For each application thread, our code maintains four data structures. These include INTERESTED.read, INTERESTED.write, and INTERESTED.except, the sets of descriptors designated via declare_interest() as ``interesting'' for reading, writing, and exceptions, respectively. The other is HINTS, a FIFO queue of events posted by the protocol stack for the thread.
A thread's first call to declare_interest() causes creation of its INTERESTED sets; the sets are resized as necessary when descriptors are added. The HINTS queue is created upon thread creation. All four sets are destroyed when the thread exits. When a descriptor is closed, it is automatically removed from all relevant INTERESTED sets.
Figure 4 shows the kernel data structures for an example in which a thread has declared read interest in descriptors 1 and 4, and write interest in descriptor 0. The three INTERESTED sets are shown here as one-byte bitmaps, because the thread has not declared interest in any higher-numbered descriptors. In this example, the HINTS queue for the thread records three pending events, one each for descriptors 1, 0, and 4.
A call to declare_interest() also adds an element to the corresponding socket's ``reverse-mapping'' list; this element includes both a pointer to the thread and the descriptor's index number. Figure 5 shows the kernel data structures for an example in which Process 1 and Process 2 hold references to Socket A via file descriptors 2 and 4, respectively. Two threads of Process 1 and one thread of Process 2 are interested in Socket A, so the reverse-mapping list associated with the socket has pointers to all three threads.

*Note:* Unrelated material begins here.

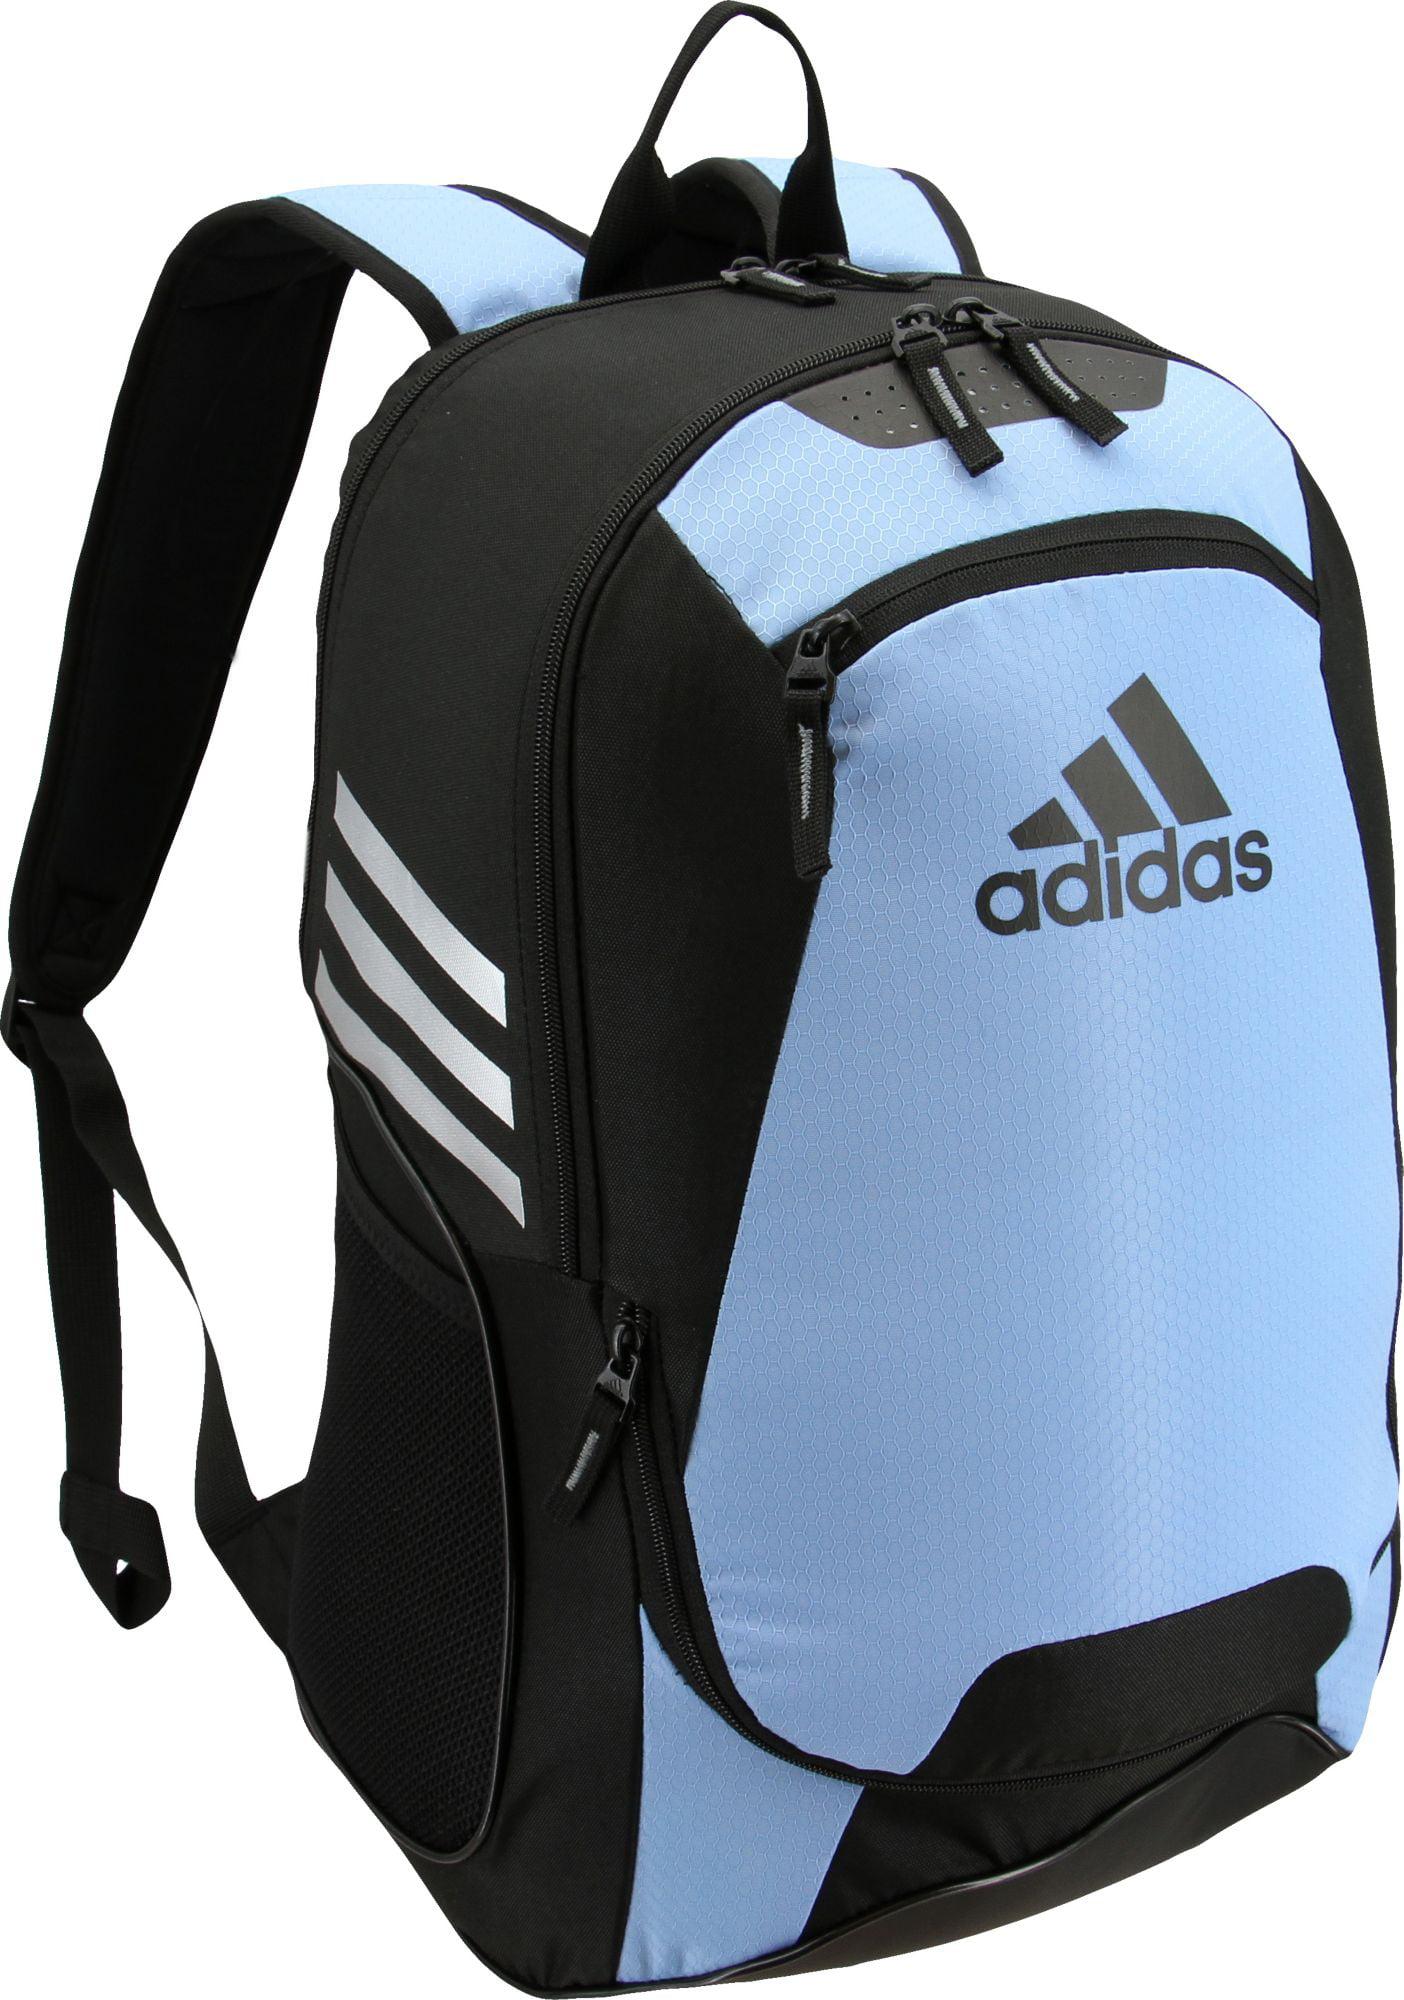 stadium ii soccer backpack

When the protocol code processes an event (such as data arrival) for a socket, it checks the reverse-mapping list. For each thread on the list, if the index number is found in the thread's relevant INTERESTED set, then a notification element is added to the thread's HINTS queue.
To avoid the overhead of adding and deleting the reverse-mapping lists too often, we never remove a reverse-mapping item until the descriptor is closed. This means that the list is updated at most once per descriptor lifetime. It does add some slight per-event overhead for a socket while a thread has revoked its interest in that descriptor; we believe this is negligible.

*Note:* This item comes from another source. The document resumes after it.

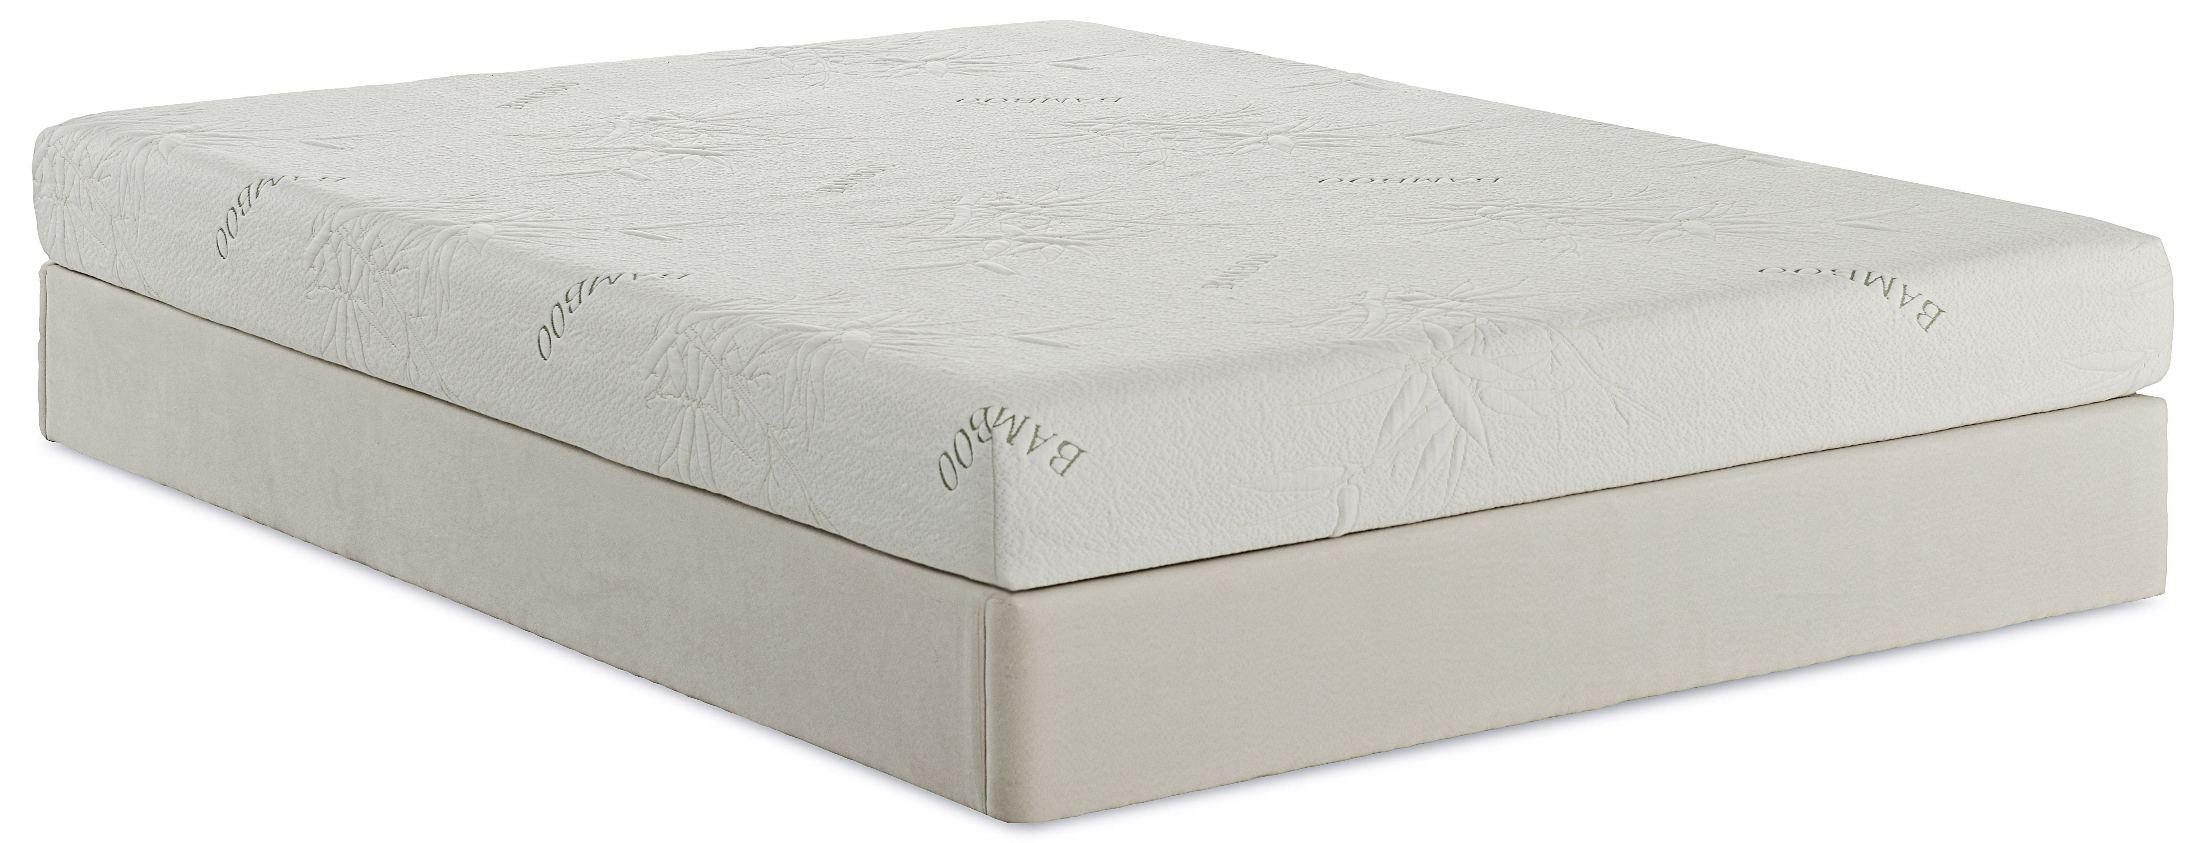 Fairfax 7 Puregel Cal King Mattress Faircak 012013364741 Klaussner

We attempt to coalesce multiple event notifications for a single descriptor. We use another per-thread bitmap, indexed by file descriptor number, to note that the HINTS queue contains a pending element for the descriptor. The protocol code tests and sets these bitmap entries; they are cleared once get_next_event() has delivered the corresponding notification. Thus, N events on a socket between calls to get_next_event() lead to just one notification.

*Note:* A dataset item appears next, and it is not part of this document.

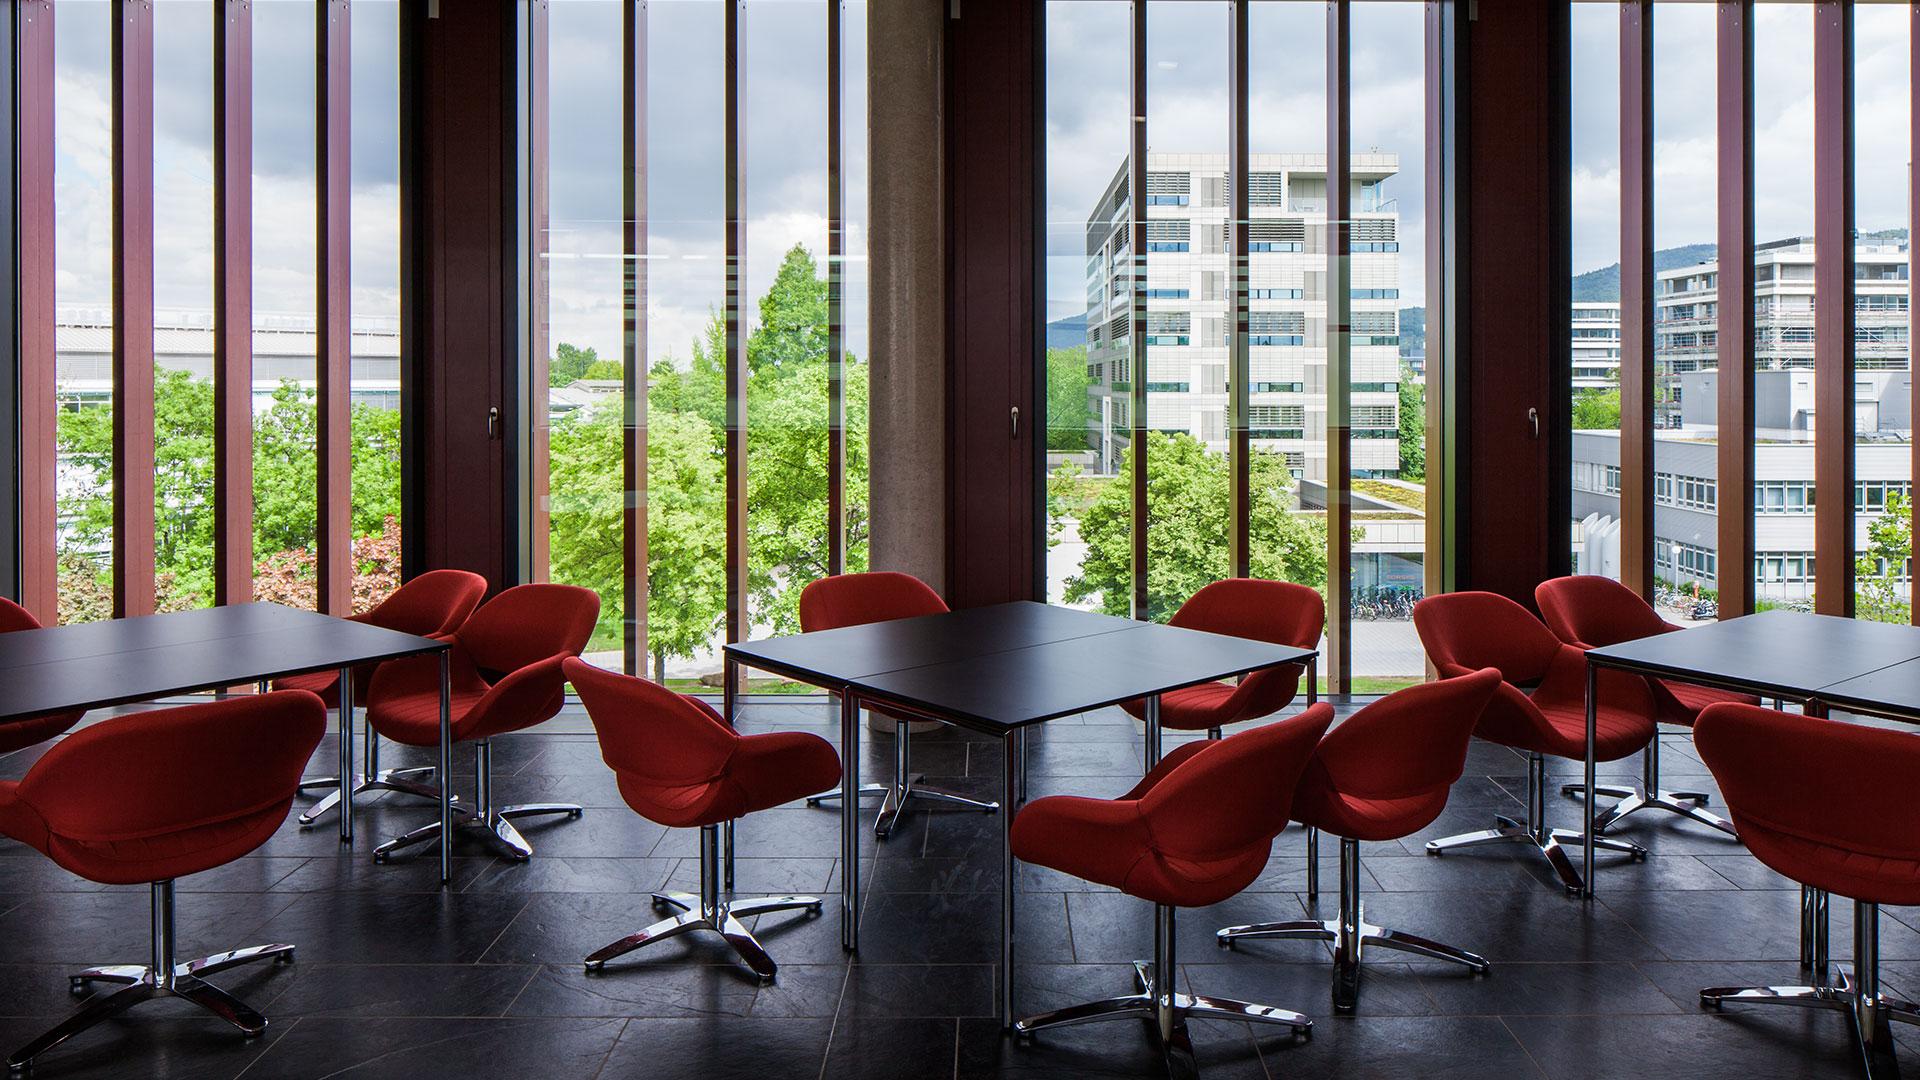 Physikalisches Institut Heidelberg 6 - ArGe Architekten

Each call to get_next_event(), unless it times out, dequeues one or more notification elements from the HINTS queue in FIFO order. However, the HINTS queue has a size limit; if it overflows, we discard it and deliver events in descriptor order, using a linear search of the INTERESTED sets - we would rather deliver things in the wrong order than block progress. This policy could lead to starvation, if the array_max parameter to get_next_event() is less than the number of descriptors, and may need revision.
We note that there are other possible implementations for the new API. For example, one of the anonymous reviewers suggested using a linked list for the per-thread queue of pending events, reserving space for one list element in each socket data structure. This approach seems to have several advantages when the SO_WAKEUP_ONE option is set, but might not be feasible when each event is delivered to multiple threads.